Example of colour aliasing, visible in enlargement at top left, and fixed in enlargement at top right. Modified from Creative Commons Attribution-Share Alike image, by Flickr user theilr. |
To fix this, what you want is for a bright point of light to hit enough pixels on the sensor that it is recorded across pixels of each colour, not just a single pixel of a single colour. You want your point light sources, your sharp edges, and in fact everything to be smeared out across at least two pixels in each direction, so that its true colour can be recorded. In other words, you want to blur the image slightly, by an amount roughly equal to the size of two pixels. Because if you don't the colours will simply be wrong.
To do this blurring, there is another filter layer on top of the sensor, usually sandwiched between the infrared blocking filter and the Bayer filter. This filter blurs the image very slightly, to make sure each incoming ray of light is spread across a complete 2×2 pixel Bayer cell, so the colour can be sampled correctly. This filter is known as either an anti-aliasing filter, or a low-pass filter (because it stops sharp details, or high spatial frequencies in optics jargon, from getting through to the sensor, and allows low spatial frequencies to pass through).

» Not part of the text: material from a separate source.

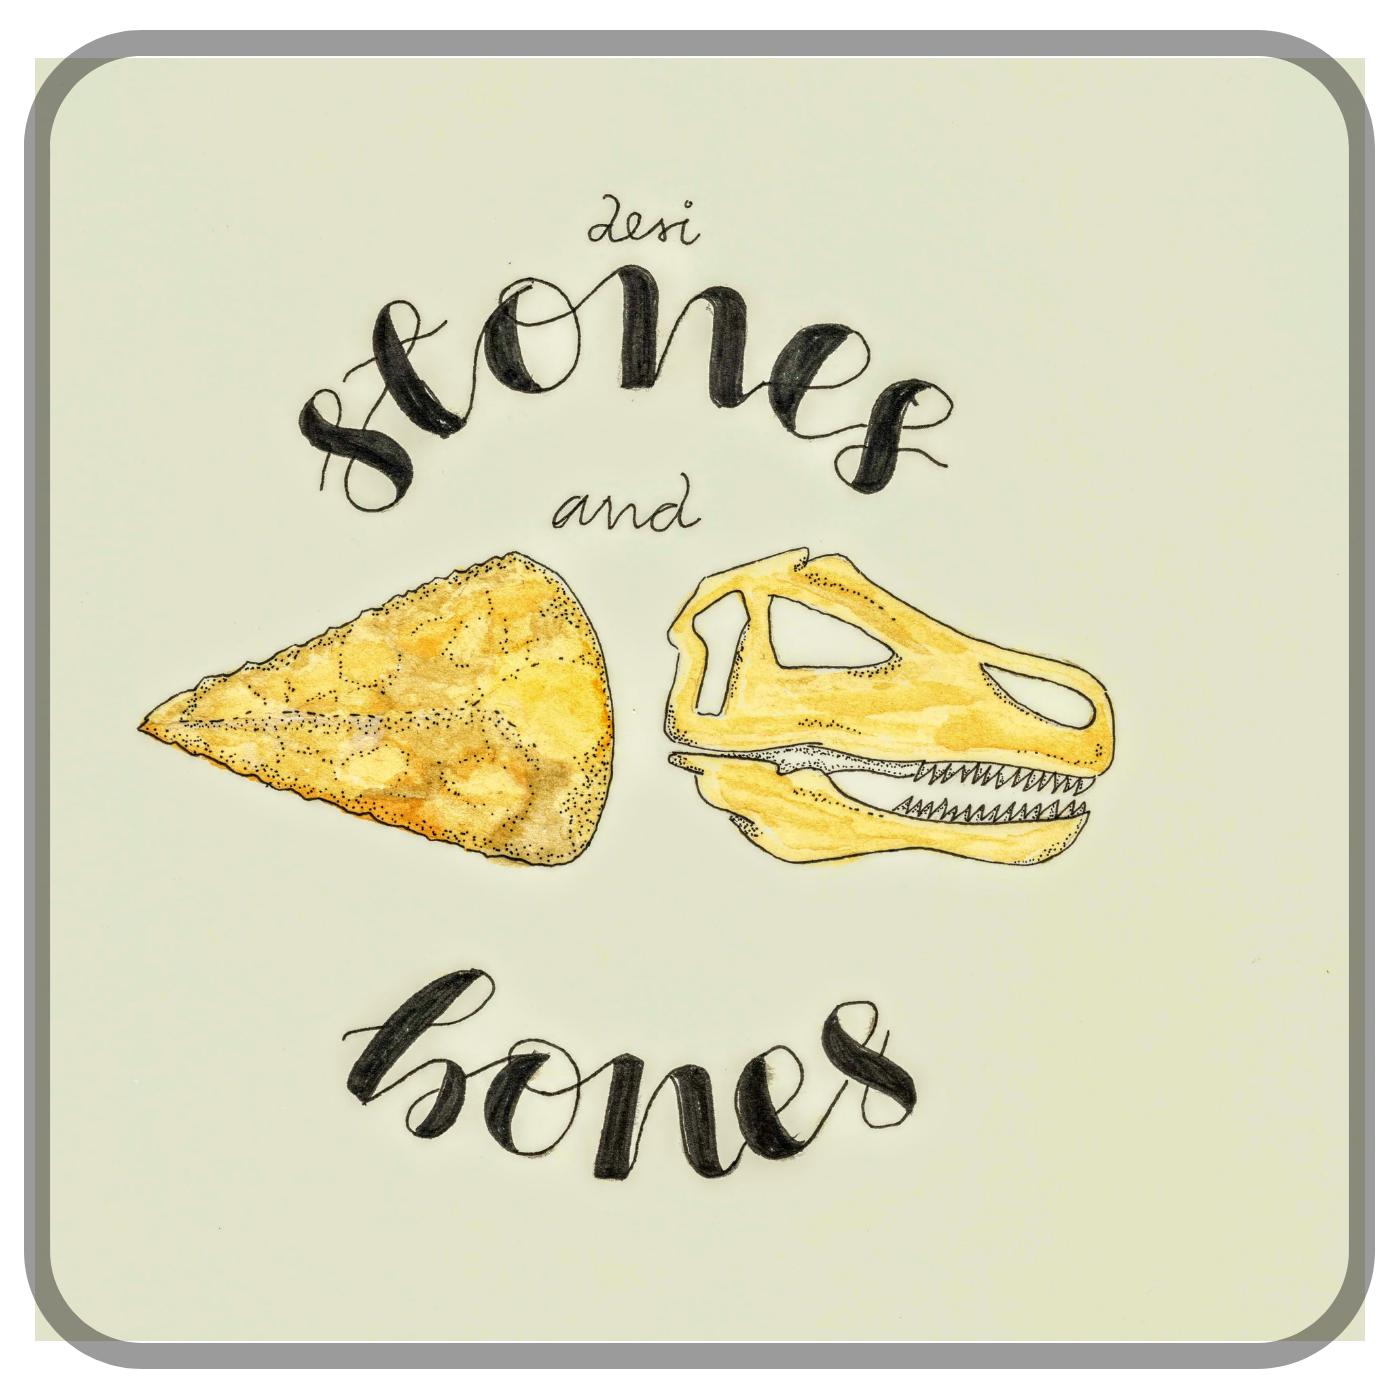 Desi Stones and Bones

If you do some searching for "anti-aliasing filter" or "low-pass filter" in discussions about cameras, you might find some people complaining that camera manufacturers put this "blurring" filter on all their camera sensors. Making your image deliberately blurrier sounds like a bad thing to do, and lots of camera enthusiasts want only the sharpest possible images from their gear. But not having the low-pass filter would be a mistake, because the trade off you make for sharper photos is inaccurate colour artefacts all over your image, which most people would consider visually unacceptable.
There's plenty more to say about digital cameras, but I'm out of time this week. I hope this has given you a greater appreciation for the complexity and amazingness of those gadgets we use so often today.
Yet another system involves splitting the light into three separate beams of different colours, using a cunning arrangement of optical reflection surfaces. You end up with a red beam, green beam, and blue beam, and aim them at three separate image sensor chips, each one of which records one of the colours at full pixel resolution.
The advantage of both these system is that you don't need to demosaic the image - you automatically have red, green, and blue counts for every pixel. The disadvantages are that these systems are significantly more difficult to produce and cost more, and that the colour separation doesn't match the sensitivity profiles of human cone cells, so it's more difficult to achieve faithful colour reproduction.